Anyhow I don't know what these people were thinking, they have a cookie recipe, that's supposed to be light and they put two cups of sugar into it. Along with the normal two cups of flour, I was kind of shocked. Most cookie recipes call for 1 - 1.5 cups of sugar. I'm not saying that some don't call for a full two cups, but when you're trying to cut down on calories, isn't sugar one place to look? A cup of sugar has 770 calories in it. I usually cut down sugar in my cookies to one cup, just because otherwise they're too sweet for me. I mean, it's a generous cup, but I don't need equal parts sugar and flour to make kick ass cookies.

They also had paltry amounts of peanut butter, added other oils, took out one egg yolk (yeah, save those 50 calories!), and instead used two egg whites, what's the point?

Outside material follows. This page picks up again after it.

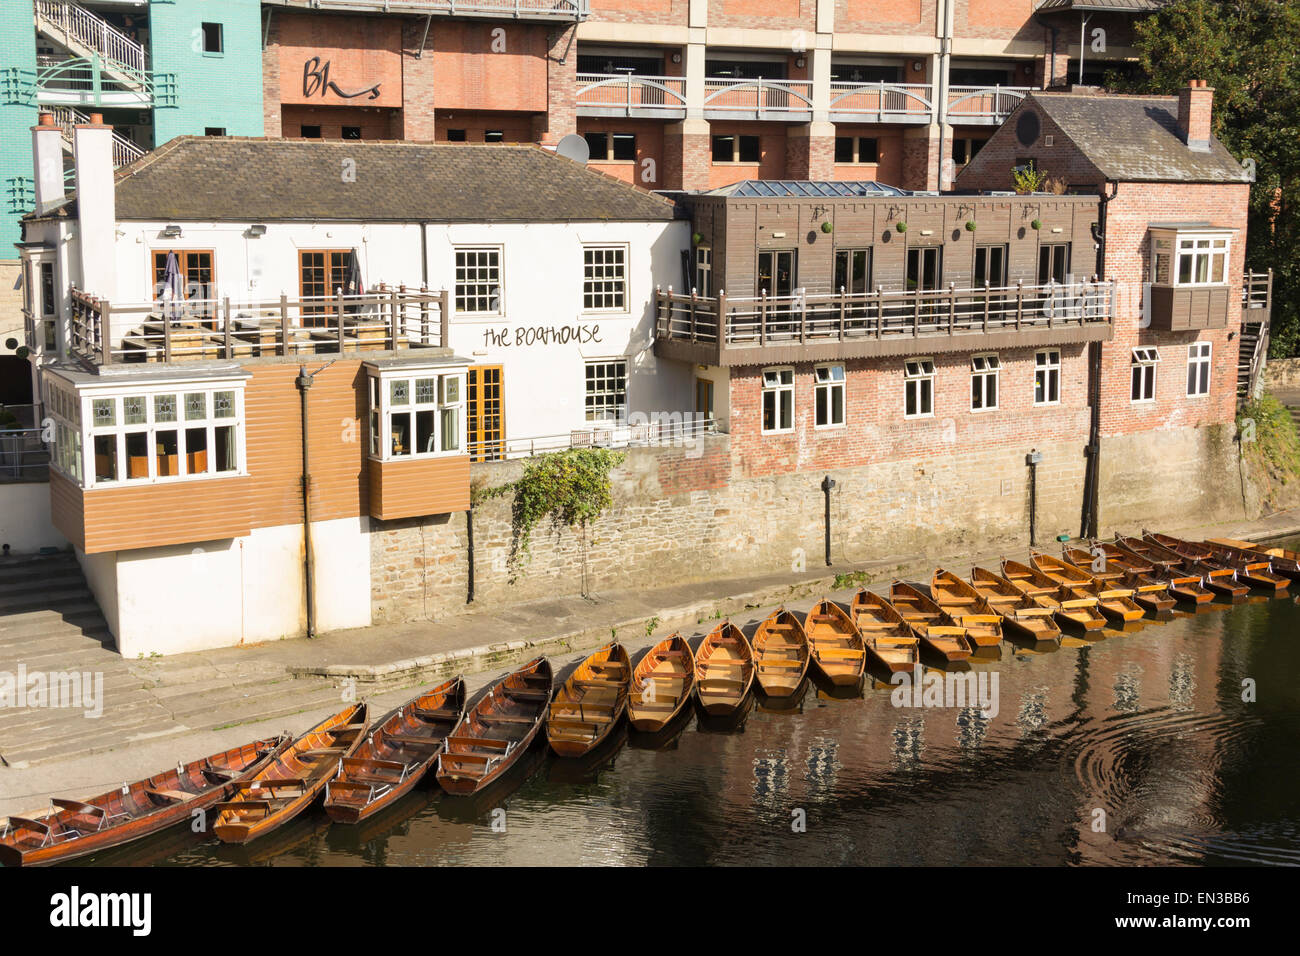 Location de bateaux à rames, amarré à côté du Boathouse pub sur les rives de la rivière l'usure dans Durham. Banque D'Images
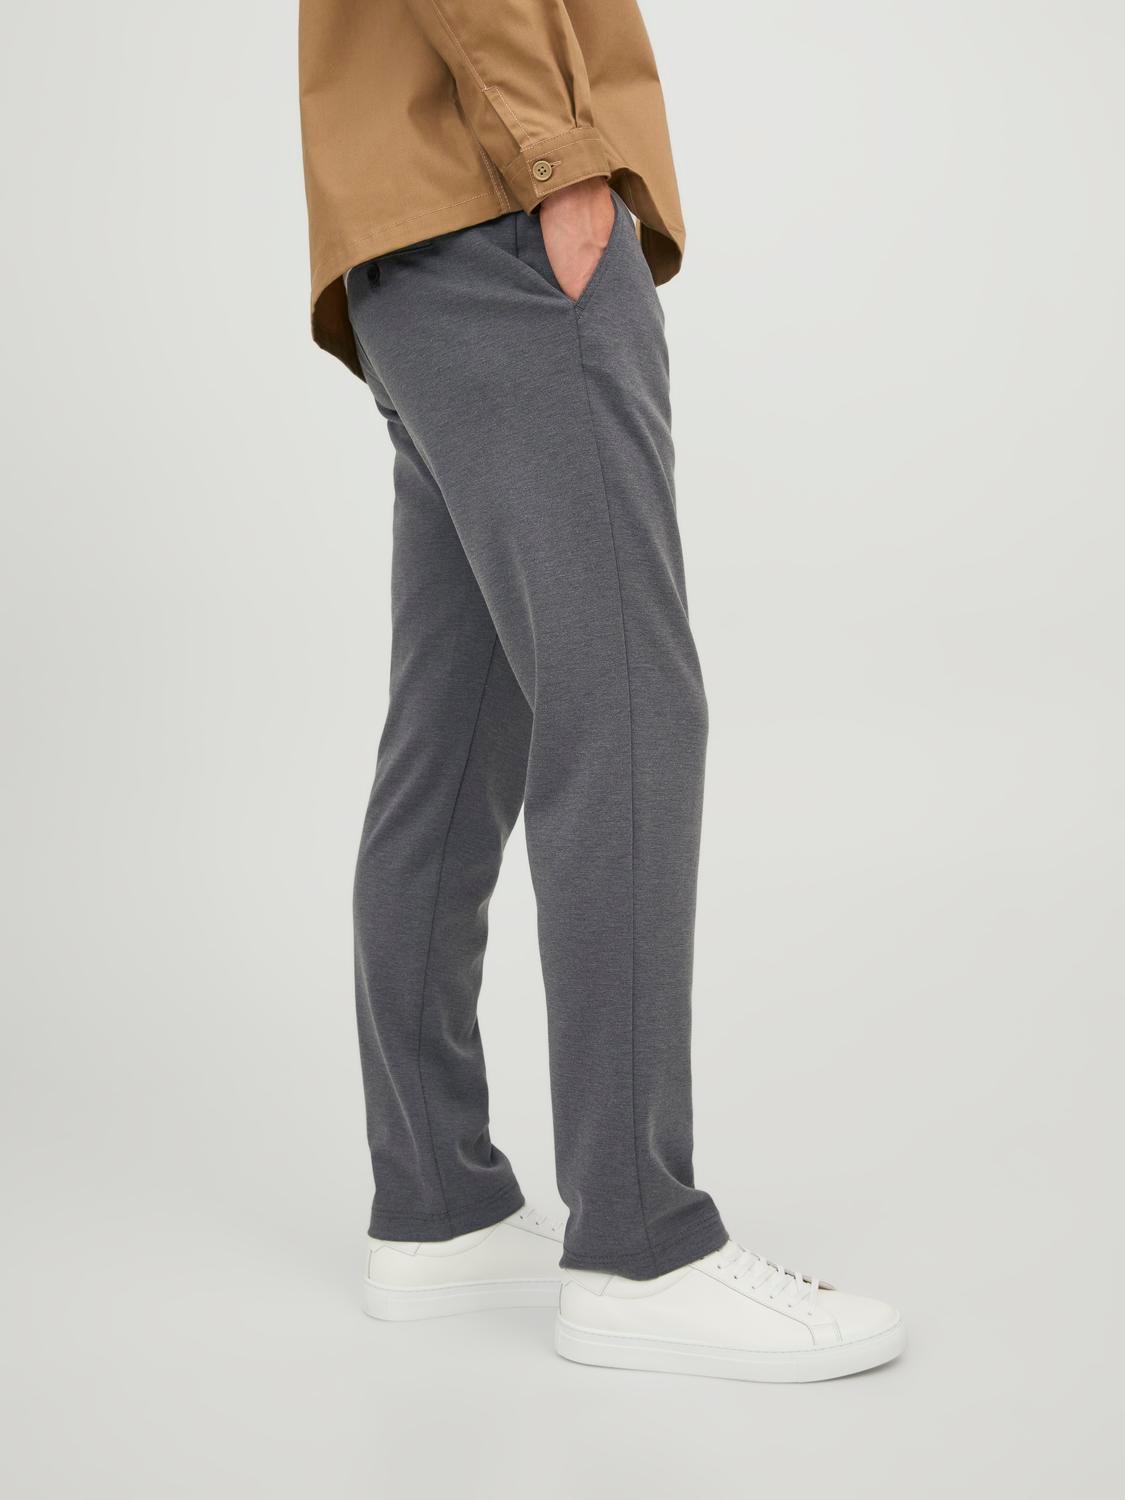 Jack & Jones®  Shop Men's Smart-casual Chino Pants

You save a calorie per cookie? BUT YOU HAVE ALL THAT SUGAR? I fixed it. I fixed the recipe. I liked where they were going, but not how. Now, mine is not a health cookie, it's just a peanut butter cookie with milk chocolate chips, but it's kind of like eating a Reese cup. Mmmm. Reese cup.

When I make cookies I do not use all natural peanut butter. I use Jiff, on a normal, I'm gonna make a pbj basis, I use organic ground peanuts. No hydrogenated oils, and no sugar. Just peanuts and salt. I think this has to do with my child hood, we always ate Adams peanut butter at home. Delicious. At my grandmother's house we did that too, but she put butter on her sandwiches and Jiff reminds me of that horrible combination. Cooking is different, use Jiff, and if you want they make a natural one, use a no stir peanut butter.

Peanut butter chocolate cookies.


1 C. organic sugar
1 Tbs. molasses
2 C. creamy peanut butter
1/4 C. buttermilk
2 farm fresh eggs
1 tsp. vanilla
2 C. flour
1 tsp. baking powder
1 tsp. baking soda
1 C. milk chocolate chips


In a bowl, combine with a mixer until smooth and creamy sugar, molasses, peanut butter, buttermilk, eggs and vanilla. Mix together the flour and leavenings. Stir into the peanut butter mixture until combine and then stir in the chips. Heat the oven to 350, shape the mixture into 1 Tbs. balls and pat down on ungreased cookie sheet. Bake for 14 minutes, remove to cool on rack or tea towel. Repeat with remaining dough, makes about 36 cookies.